Maybe you remember that last October I complained to LAPD Internal Affairs about the fact that the LAPD Discovery Unit, which handles Public Records Act requests, was unbelievably, flamboyantly, egregiously, astonishingly remiss in their legal duty to provide requested records promptly. They routinely take more than 18 months to handle requests if they handle them at all.
The complaint was based on the theory that, since compliance with the Public Records Act is a fundamental constitutional right in California, and since Reverence for the Law is one of the LAPD’s core values, someone in the chain of command ought to be held responsible for LAPD’s flouting of this fundamental constitutional right. Well, a few weeks ago I received a determination letter from Internal Affairs on my complaint. They found sadly, that there was Insufficient Evidence to Adjudicate. So much for that theory!
Of course, the LAPD has a long and ultimately twisted relationship with both the Constitution of the United States and with the Constitution of California, from the depths of unrecorded history to 1923’s Liberty Hill Strike to the Consent Decree imposed by the Justice Department in response to innumerable instances of appalling misconduct to the long list of killings of unarmed people in the first decades of the 21st Century.
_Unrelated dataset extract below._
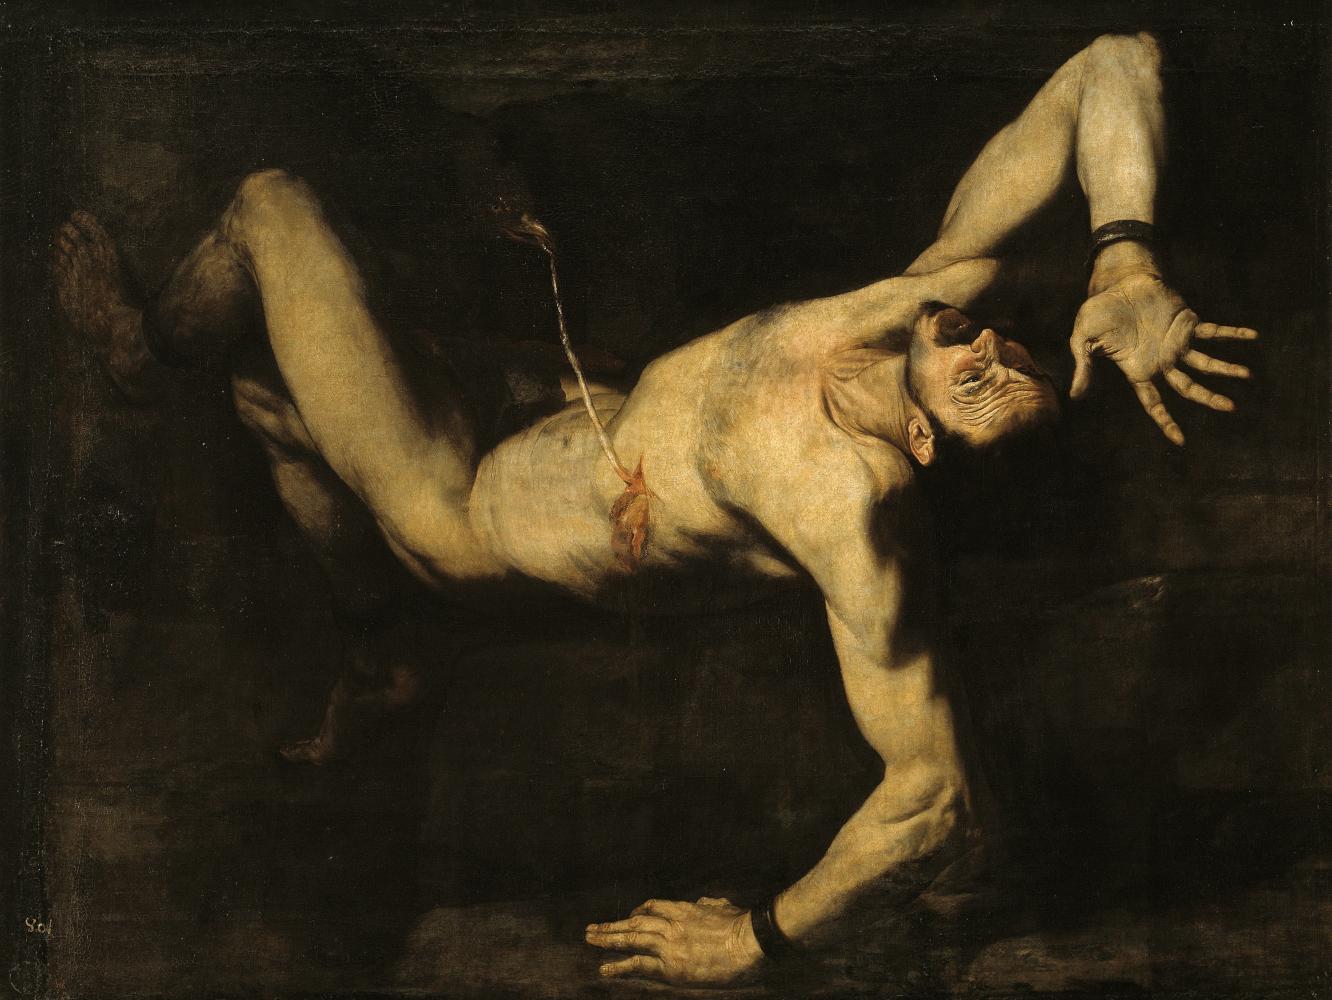 Jusepe de Ribera "Tytios", 1632

The Liberty Hill Strike, in 1923 in San Pedro, is particularly interesting. The Wiki Page gives a pretty good outline of how the Industrial Workers of the World fought to be able to unionize the Port of LA and were opposed at every turn by the LAPD, fighting as they always did in the service of the usual gangs of shadowy zillionaires.1 As always with the IWW, free speech was a huge issue. In this particular case the struggle involved novelist Upton Sinclair being arrested by the LAPD for reading the First Amendment out loud, inspiring running-dog fascist lackey and LAPD Chief of Police Louis D. Oaks to utter some version of the memorable words which I’ve placed above in the mouth of David Grimes, the present-day commanding officer of LAPD’s Internal Affairs Unit.2
This episode is especially relevant because it led directly to the creation of the Southern California branch of the ACLU, which counted Sinclair among its founders. And thus it is heartening and historically consistent to find the ACLU filing a lawsuit against the LAPD alleging that it habitually ignores the requirements of the CPRA. The Times story linked to there enumerates an astounding list of ignored requests. Perhaps, if the LAPD won’t clean up its own dirty laundry, a court will direct them in a constitutionally compliant cleaning process. As we’ve seen, it won’t be the first time.
Image of Captain David Grimes, Commanding Officer of LAPD’s Internal Affairs Group started out as a public record, which I obtained from Grimes’s Twitter feed. After much artistical manipulation it is now, it seems, ©2017 MichaelKohlhaas.org.
- Forerunners of today’s business improvement districts, of course.
- The best version of this famous story that I was able to locate can be found in: Zanger, Martin. “Politics of Confrontation: Upton Sinclair and the Launching of the ACLU in Southern California.” Pacific Historical Review, vol. 38, no. 4, 1969, pp. 383–406. The quote from Upton Sinclair on this incident I took from the Southern California chapter of the ACLU’s history of its founding.